West Texas Intermediate oil for March delivery rose $1.04, or 3.6 percent, to $30.08 a barrel at 9:15 a.m. on the New York Mercantile Exchange. Prices sunk to a 12-year low this month, extending a 30 percent drop last year. Total volume traded was 36 percent above the 100-day average.
Brent for April settlement rose $1.27, or 4 percent, to $33.45 a barrel on the London-based ICE Futures Europe exchange. The European benchmark was at a $1.29 premium WTI for April delivery.
Even if producers reach agreement, the deal would have little impact on production and would “leave the global surplus in place” in the first half of 2016, Goldman Sachs Group Inc. analysts Damien Courvalin and Jeff Currie said in a report. Iran’s determination to expand output suggests its participation is unlikely, they said.
Iran will “not forgo its share of the market,” Zanganeh said Tuesday, according to the country’s news agency Shana. The nation pumped 2.86 million barrels a day in January, making it the fifth-biggest producer in OPEC, according to data compiled by Bloomberg. Iraq is ready to join Saudi Arabia in freezing or cutting output if others commit to the accord, said an official who asked not to be identified because oil policy is private.
“It’s very unlikely that we’ll see Iran join in for a freeze,” Miswin Mahesh, an analyst at Barclays Plc in London, said in an interview with Bloomberg Television. The deal has “turned out to be the oil market equivalent of someone calling for a ceasefire when they’re running out of ammo. These four producers are producing close to their peak.”
Venezuela, which along with Qatar also agreed to join the freeze, has lobbied exporters including Russia, Iran and Saudi Arabia to cooperate to balance supply and demand and revive prices. The Doha accord is conditional on other nations agreeing to participate, Russia’s Energy Ministry said in a statement.

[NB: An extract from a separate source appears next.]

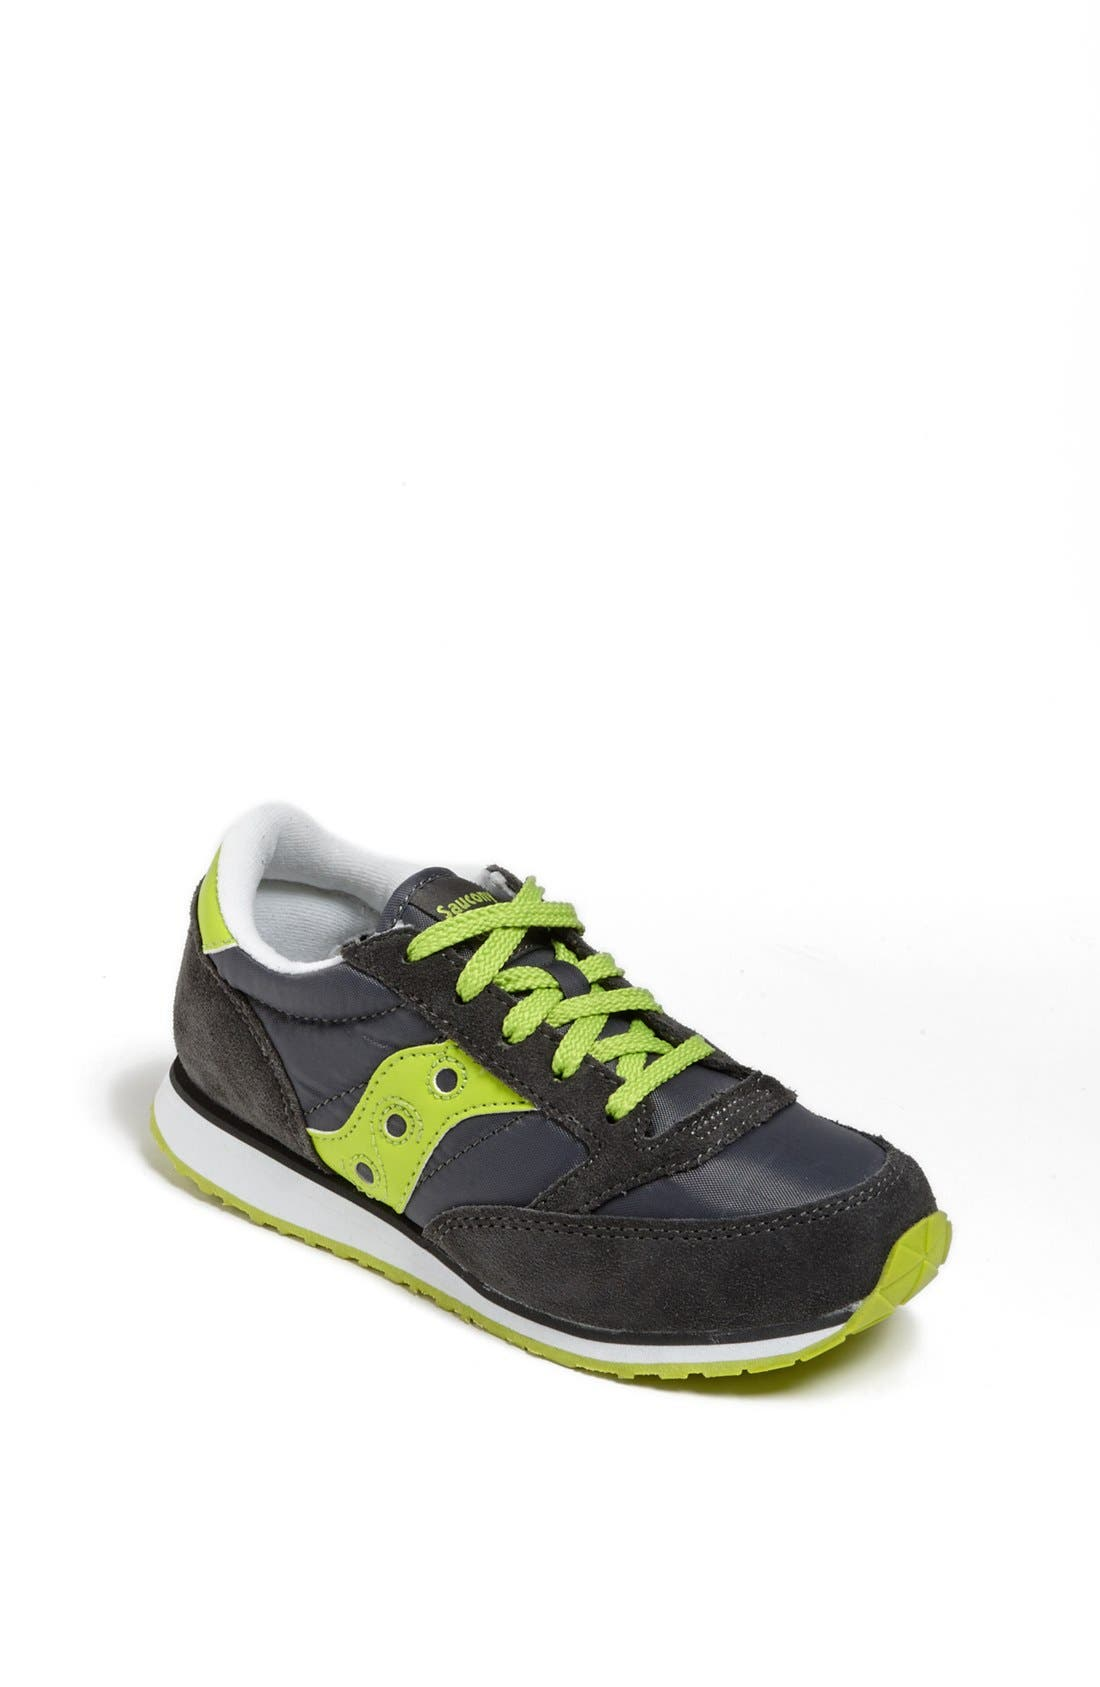 Main Image - Saucony 'Jazz - LowPro' Sneaker (Toddler & Little Kid)
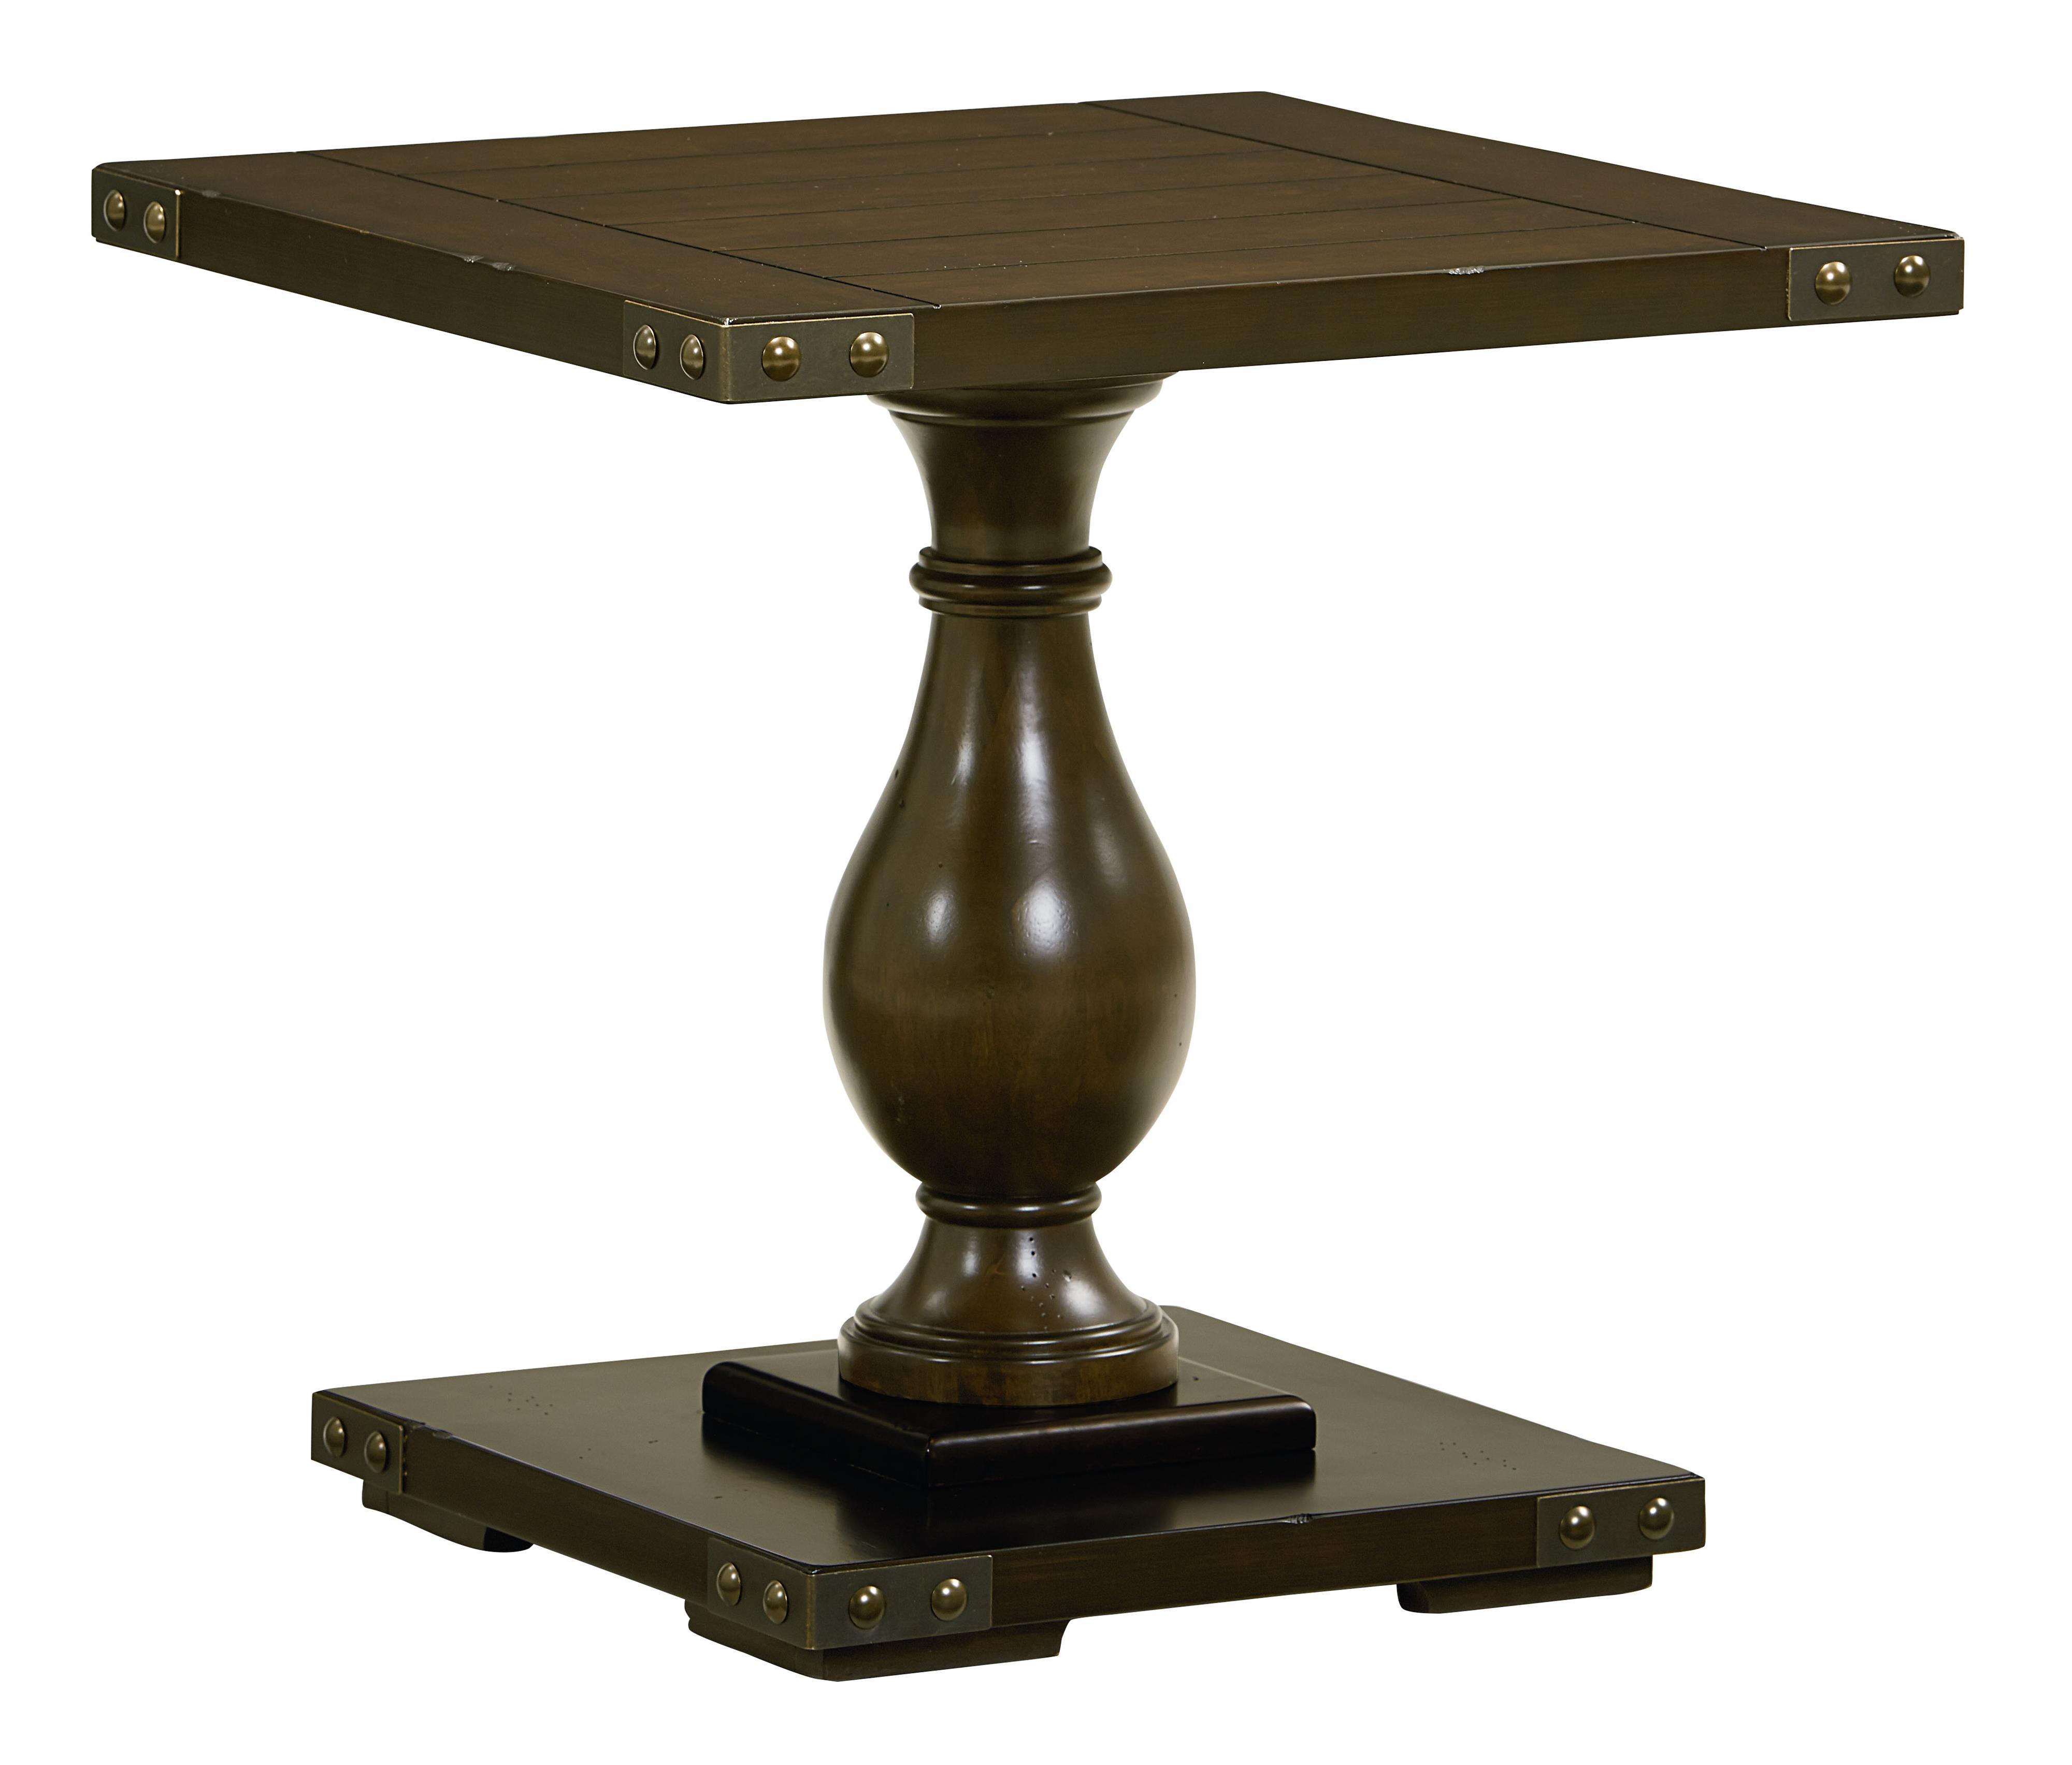 Standard Furniture Pierwood End Table - Item Number: 29252

Kuwait will join the accord and freeze production if major OPEC and non-OPEC producers agree to it, Anas Al-Saleh, the nation’s finance minister and acting oil minister, said Tuesday in an e-mailed statement. The United Arab Emirates is open to cooperation with all producers to stabilize the oil market, Oil Minister Suhail Al Mazrouei said Wednesday on Twitter.
Saudi Arabia pumped 10.2 million barrels a day of crude in January, according to data compiled by Bloomberg. Russian output of crude and a light oil called condensate climbed 1.5 percent last month from a year earlier to 10.9 million barrels a day, a post-Soviet high, according to a unit of the country’s Energy Ministry.